Either that, or iPhone and iPad devices will just have Google Gemini available in a way similar to how Siri has worked in the past. But this still doesn’t explain why Apple is making such a big deal around AI and its latest chipset.

Gemini does not require a supremely capable AI-ready chip, such as NVIDIA’s Blackwell to run trillions of operations right on your machine. Firstly, it’s because your iPhone or iPad will melt, but secondly, Gemini runs these operations via cloud at Google datacentres around the world.

Even Johny Srouji, Apple’s senior vice president of Hardware Technologies, says that the M4 is “extremely well suited for the latest applications leveraging AI” due to “fundamental improvements to the CPU, GPU, Neural Engine, and memory system.”

Let’s dig deep into Apple’s announcement of the M4 chip, in which the company details the more powerful neural engine.

“This is Apple’s most powerful Neural Engine ever, capable of an astounding 38 trillion operations per second — a breathtaking 60x faster than the first Neural Engine in A11 Bionic,” it says.

“Together with next-generation [machine learning] accelerators in the CPU, the high-performance GPU, and higher-bandwidth unified memory, the Neural Engine makes M4 an outrageously powerful chip for AI,” adding that the new iPad Pro, that uses the M4 chip “allows users to accomplish amazing AI tasks quickly and on device.”

Which tasks, you ask? “AI features in iPadOS like Live Captions for real-time audio captions, and Visual Look Up, which identifies objects in video and photos,” the announcement reads.

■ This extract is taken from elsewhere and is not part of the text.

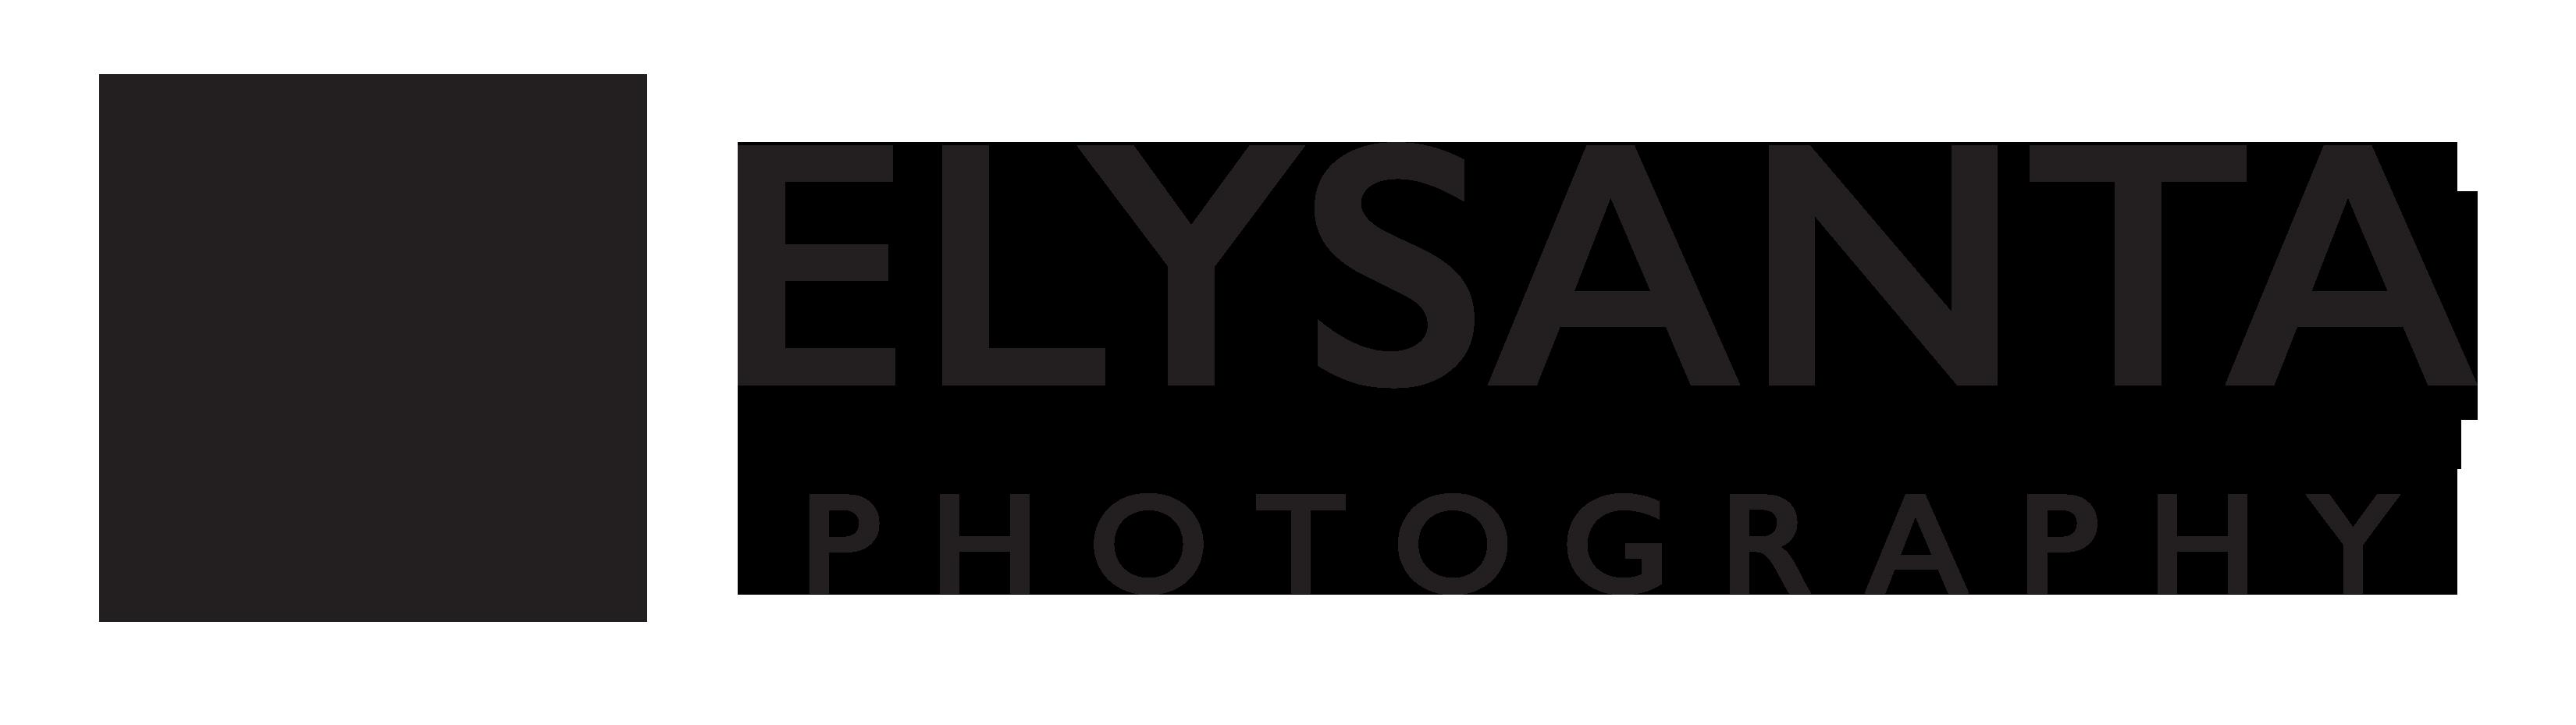 Elysanta Photography
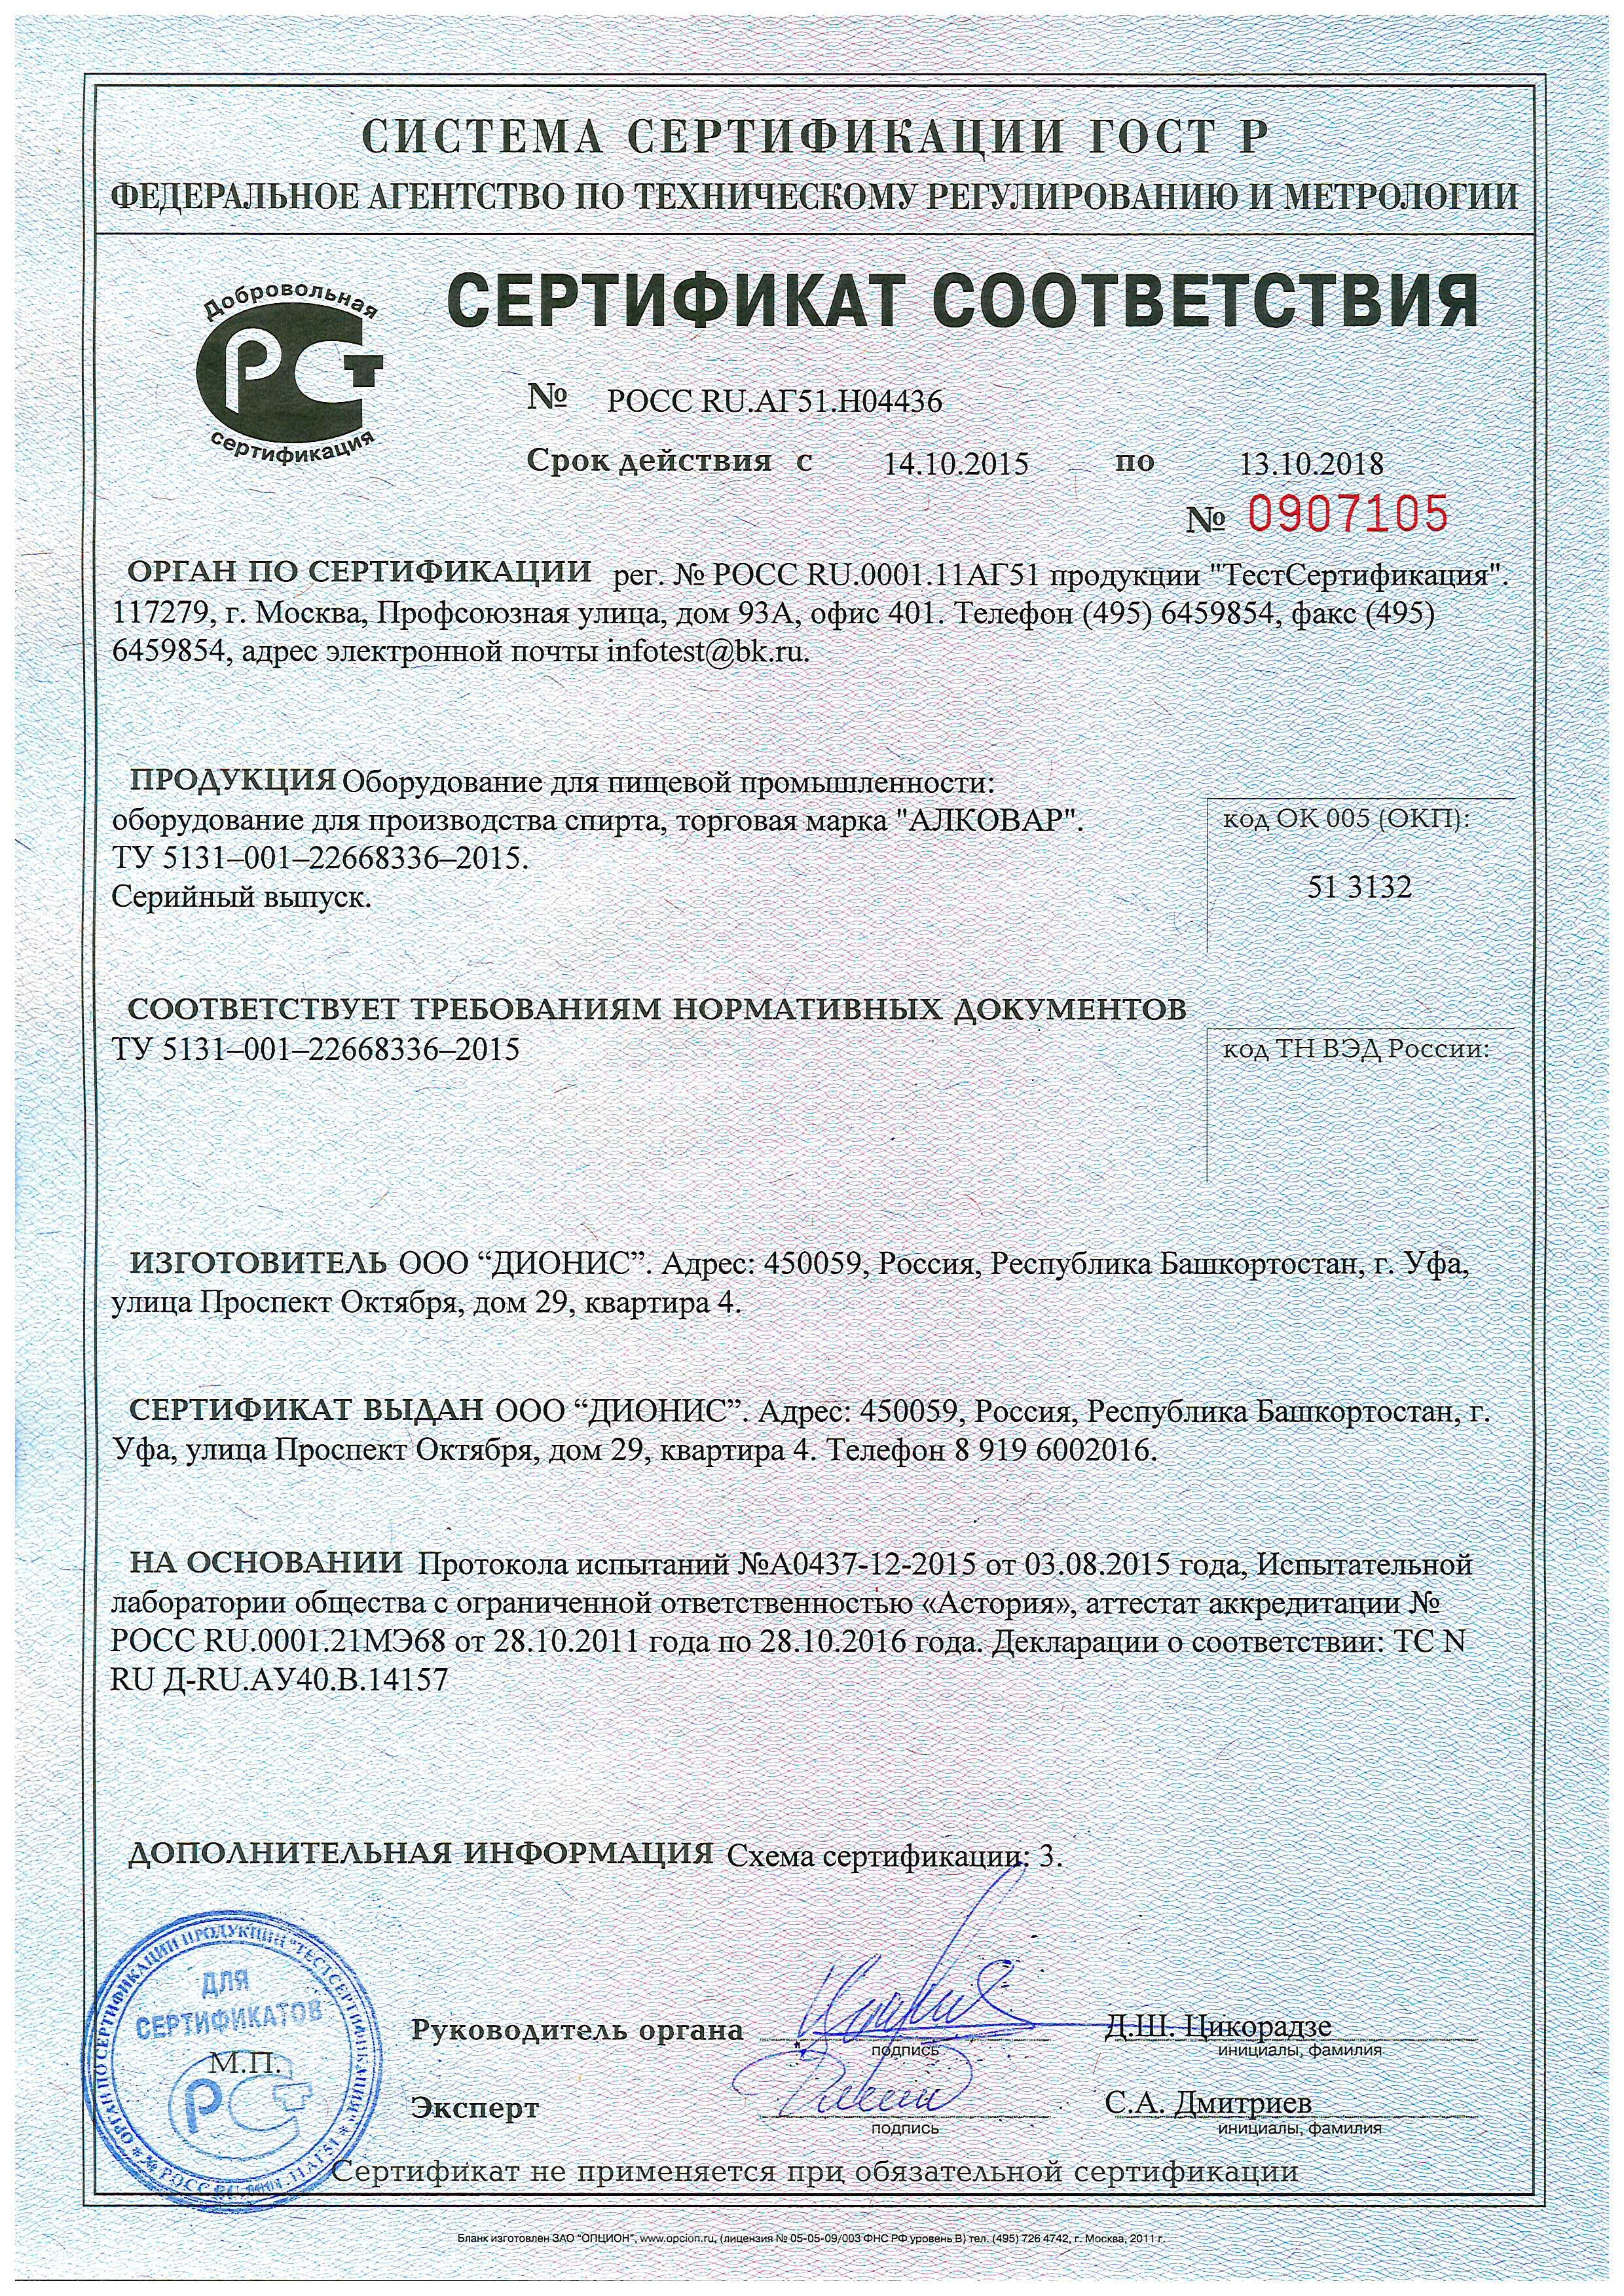 Сертификат соответсвия на самогонные аппараты АЛКОВАР

Live captioning is a basic natural language process, and Visual Look Up, like Google Lens, relies on a complex algorithm. It is not exactly generative AI. These are not the same kinds of “AI” that NVIDIA is talking about when it says that its new Blackwell processor can run 10 terabytes of operations per second.

This is understood as the older idea of AI, and not, or at least not fully, “generative AI” as we understand it today. A technology that is capable of producing human-like responses and manifesting new images based on huge databases of information a la OpenAI, Meta AI, or Google Gemini.

Samsung has this same issue. Slapping features like live translate and circle to search with the AI label for marketing purposes. The Apple M4 chip may be an upgrade in terms of processing power, but until Apple is running true generative AI processes on its devices, which may be soon, we may as well ignore all the AI-related superlatives it is adding.